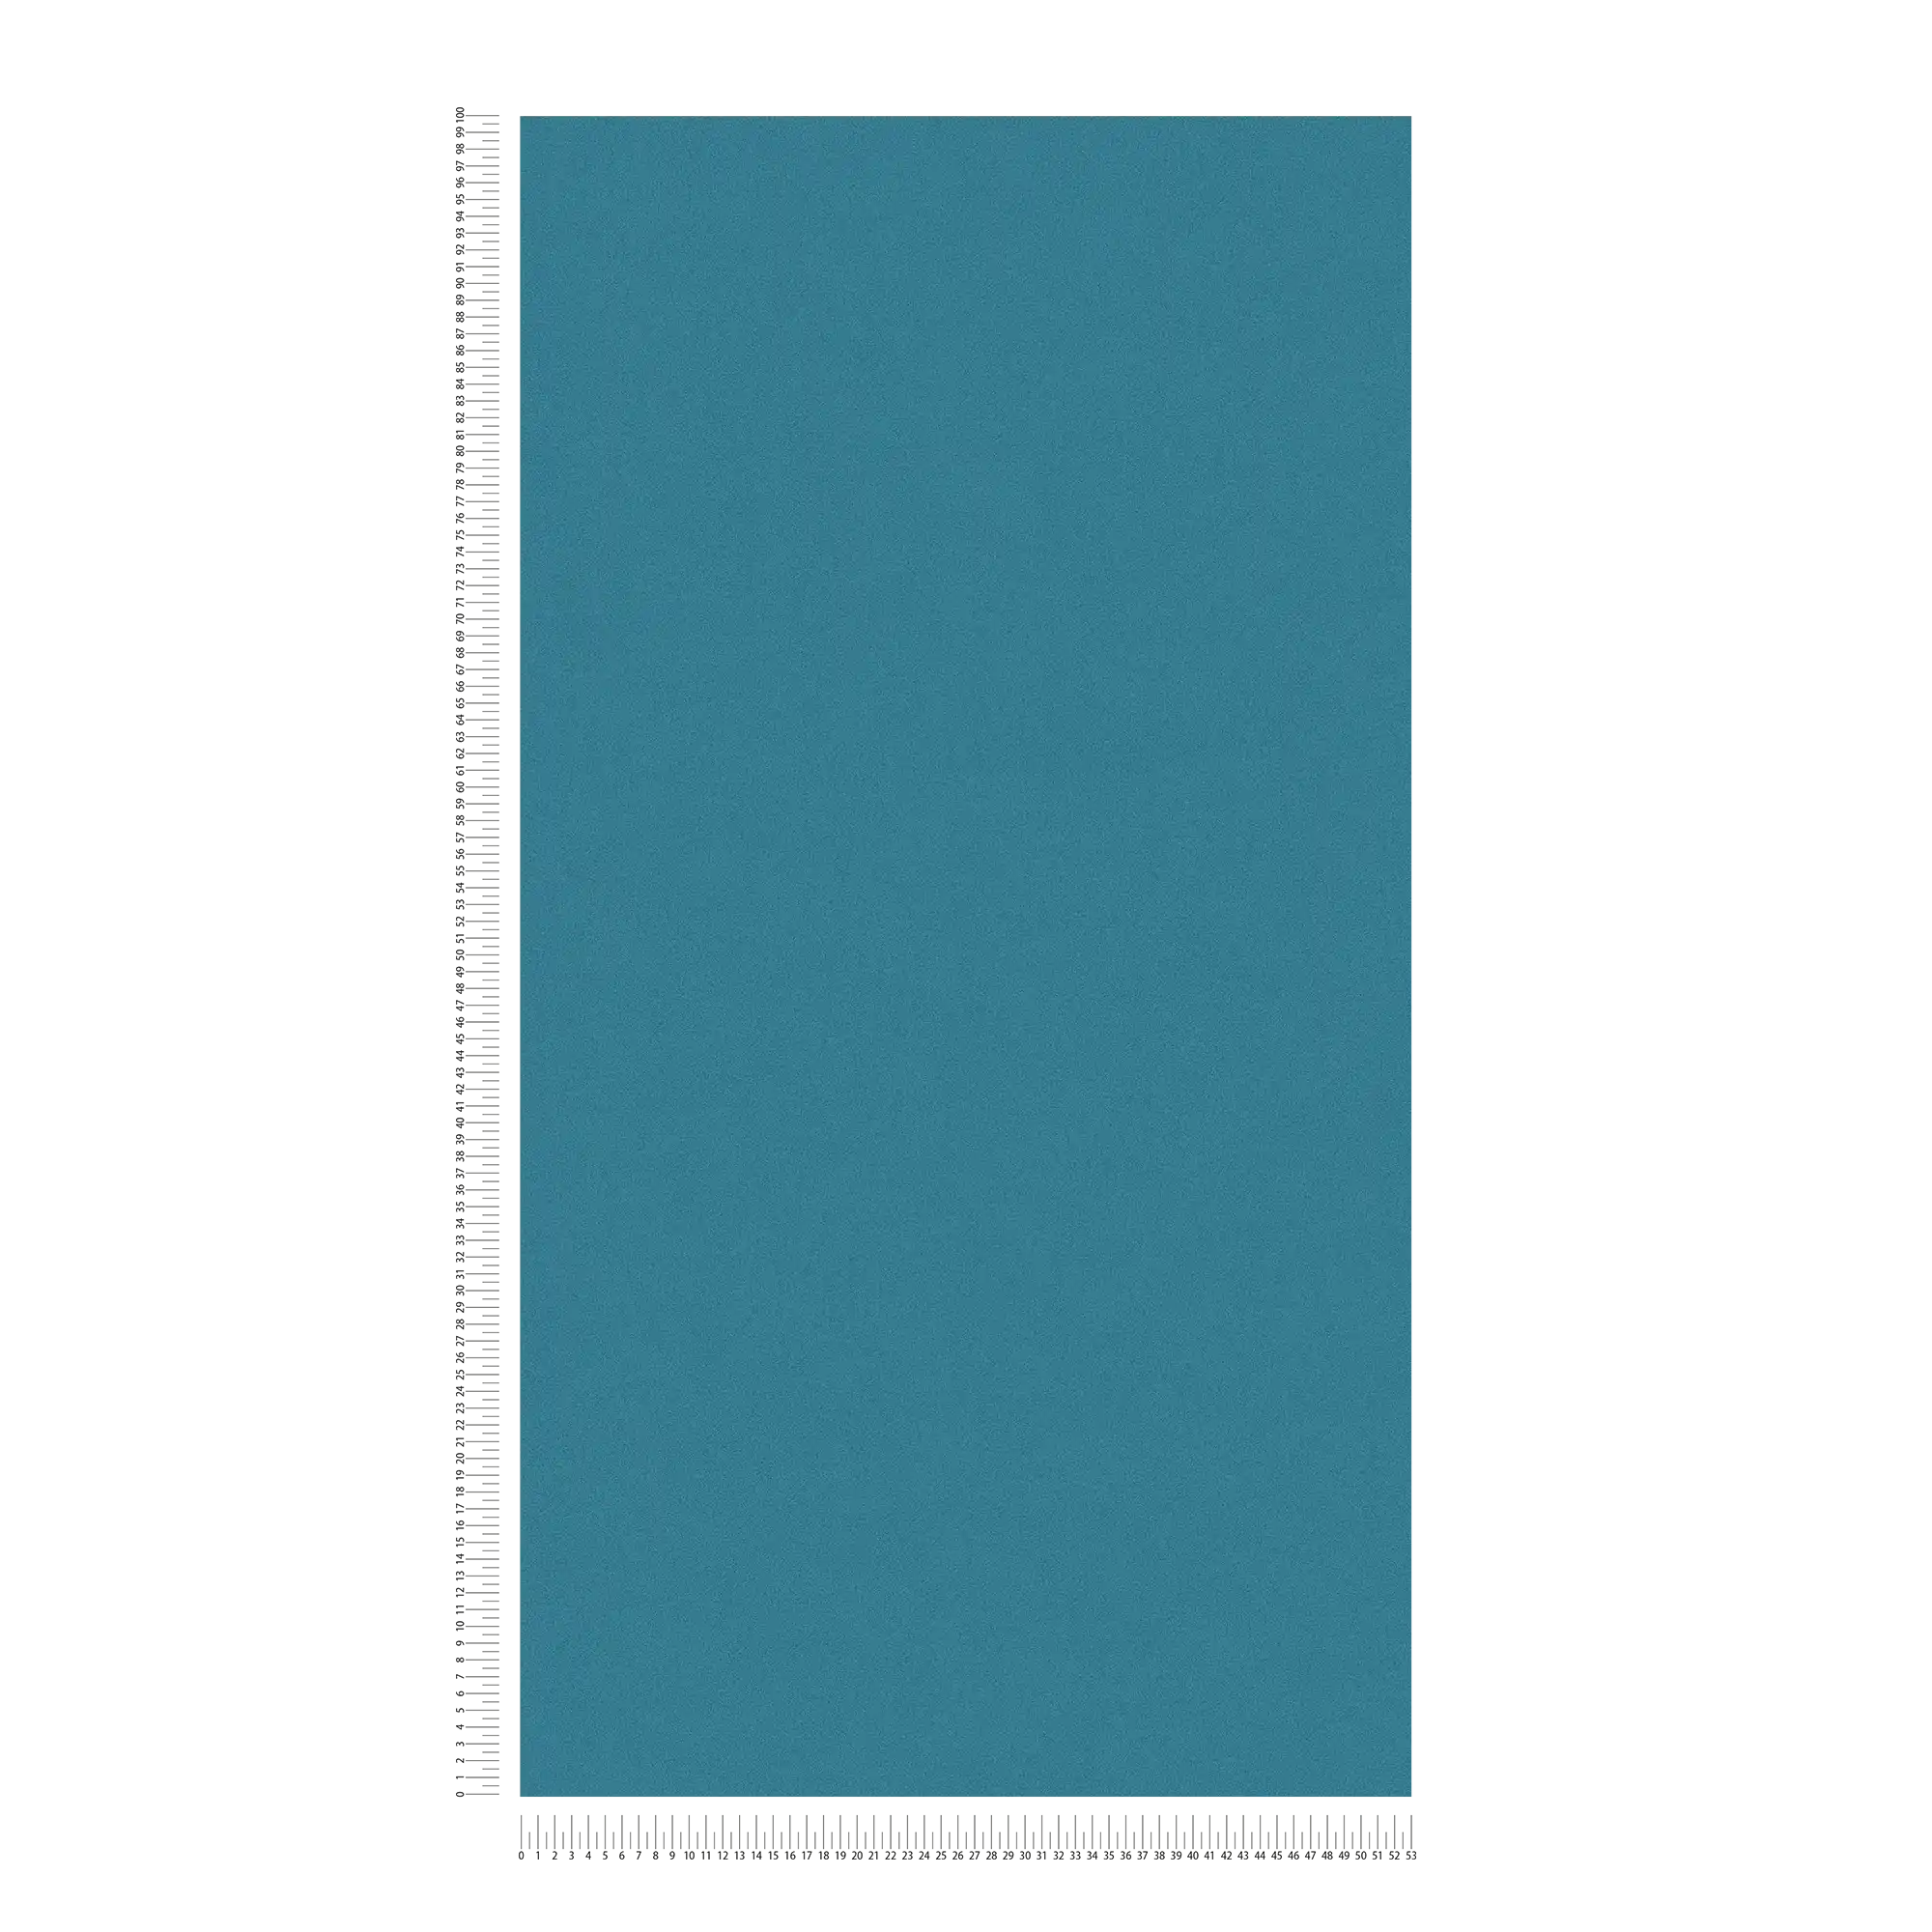             behang donkerblauw turquoise, zijdemat glans & textuur patroon
        
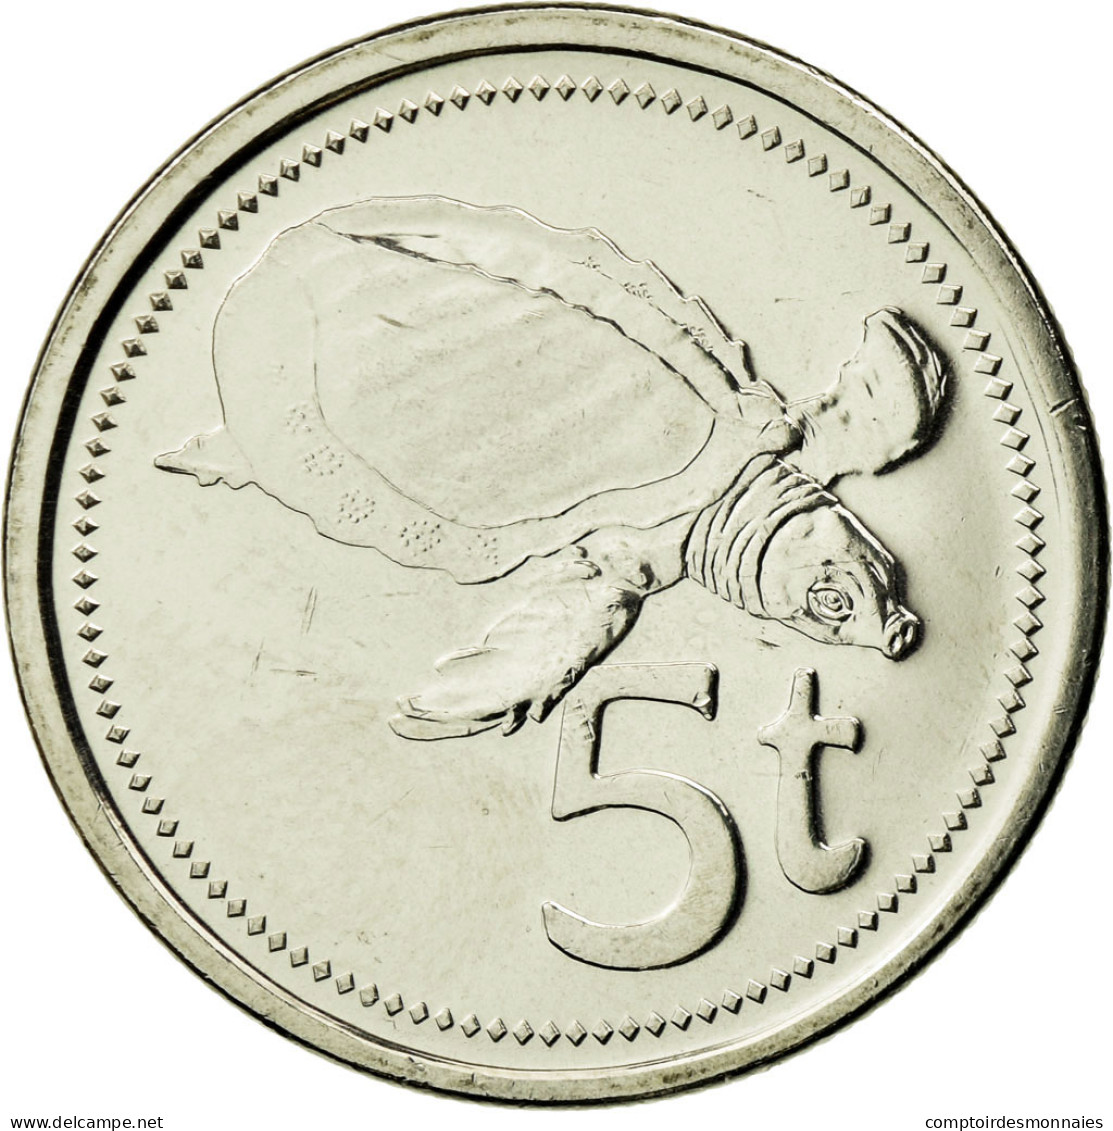 Monnaie, Papua New Guinea, 5 Toea, 2005, SPL, Nickel Plated Steel, KM:3a - Papúa Nueva Guinea
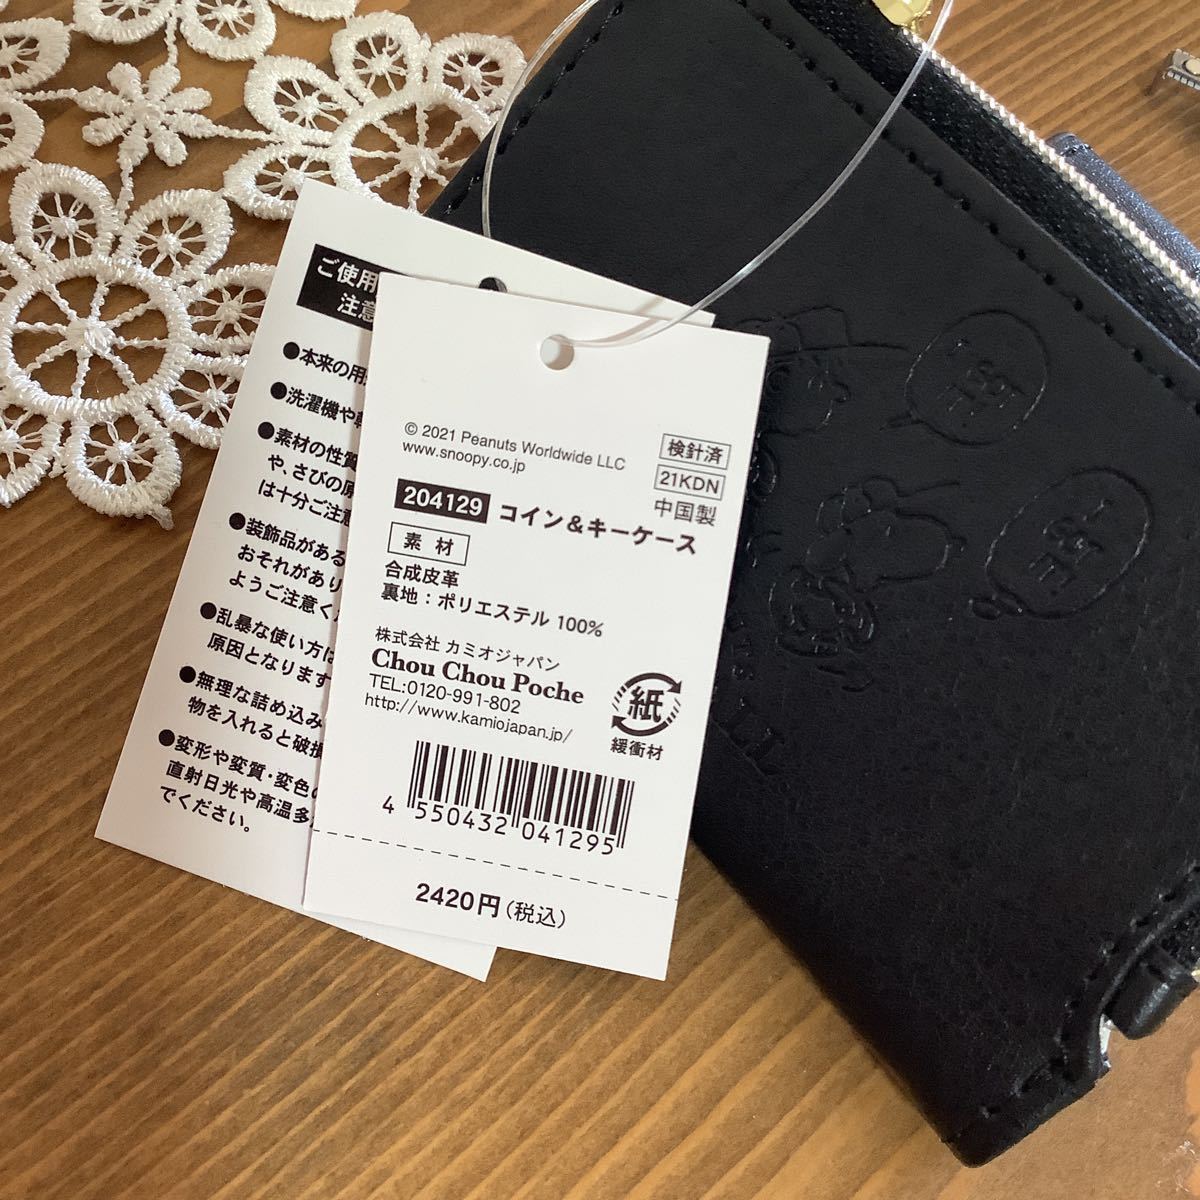  Snoopy чехол для ключей стоимость доставки 140 иен новый товар искусственная кожа кошелек ячейка для монет кошелек для мелочи .
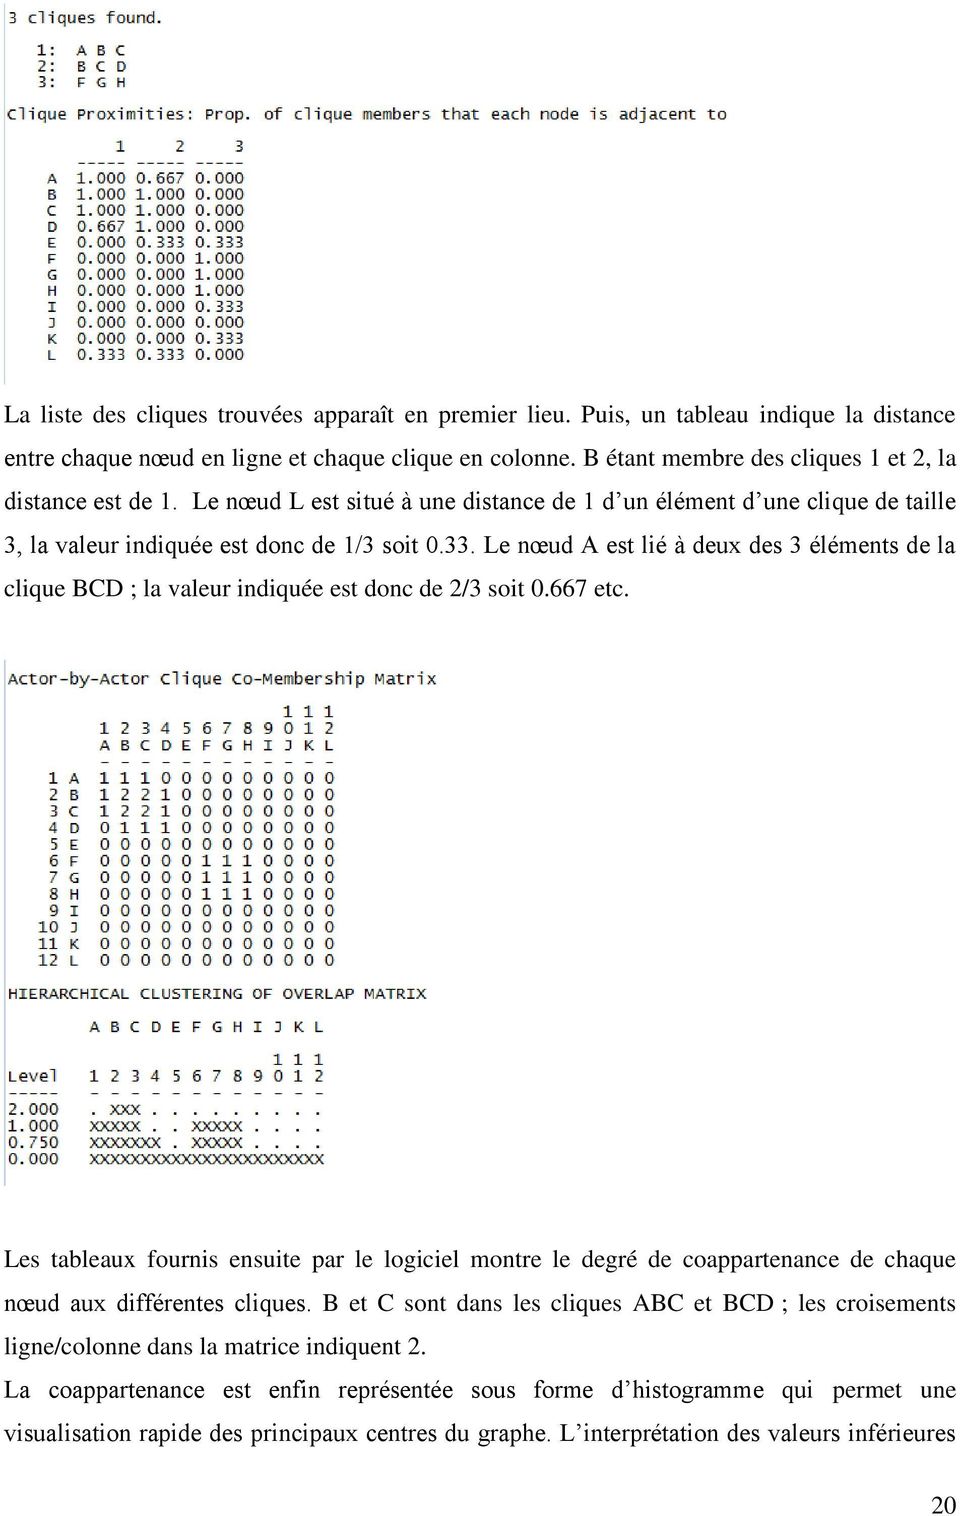 Le nœud A est lié à deux des 3 éléments de la clique BCD ; la valeur indiquée est donc de 2/3 soit 0.667 etc.

To do
Whenever images occur above, omit them and retype each line exactly as it stands.

Written solution
             behang donkerblauw turquoise, zijdemat glans & textuur patroon
        
 Monnaie, Papua New Guinea, 5 Toea, 2005, SPL, Nickel Plated Steel, KM:3a - Papúa Nueva Guinea
  Snoopy чехол для ключей стоимость доставки 140 иен новый товар искусственная кожа кошелек ячейка для монет кошелек для мелочи .
 Le nœud A est lié à deux des 3 éléments de la clique BCD ; la valeur indiquée est donc de 2/3 soit 0.667 etc.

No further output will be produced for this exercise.